97th Mayor of Ponce, Puerto Rico
- In office 12 July 1895 – 10 May 1896
- Preceded by: Félix Saurí y Vivas
- Succeeded by: Luis Alvarado

Personal details
- Born: ca. 1845
- Died: ca. 1920
- Profession: Public servant

= Juan José Potous =

Mayor of Ponce, Puerto Rico

Juan José Potous y de la Lastra (ca. 1845 - ca. 1920) was Mayor of Ponce, Puerto Rico, from 12 July 1895 to 10 May 1896.

==Mayoral term==
Upon the death of mayor Eduardo Armstrong, the governor of Puerto Rico named Juan José Potous, without waiting for the triplet recommendation from the Municipal Council.
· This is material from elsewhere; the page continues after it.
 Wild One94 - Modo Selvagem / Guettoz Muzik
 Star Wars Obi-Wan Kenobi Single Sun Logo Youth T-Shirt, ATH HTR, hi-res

His main focus as mayor was to maintain a clean and neat look to the city. To that effect, he published guidelines for issues as mundane as the painting of the exterior of homes and the construction and installation of yard fences. He also addressed matters related to public health and hygiene. On 20 January 1896, he instituted detailed procedures for the celebration of wakes in people's homes. His oversaw a municipal government that ran smoothly thanks to his thorough knowledge of public administration.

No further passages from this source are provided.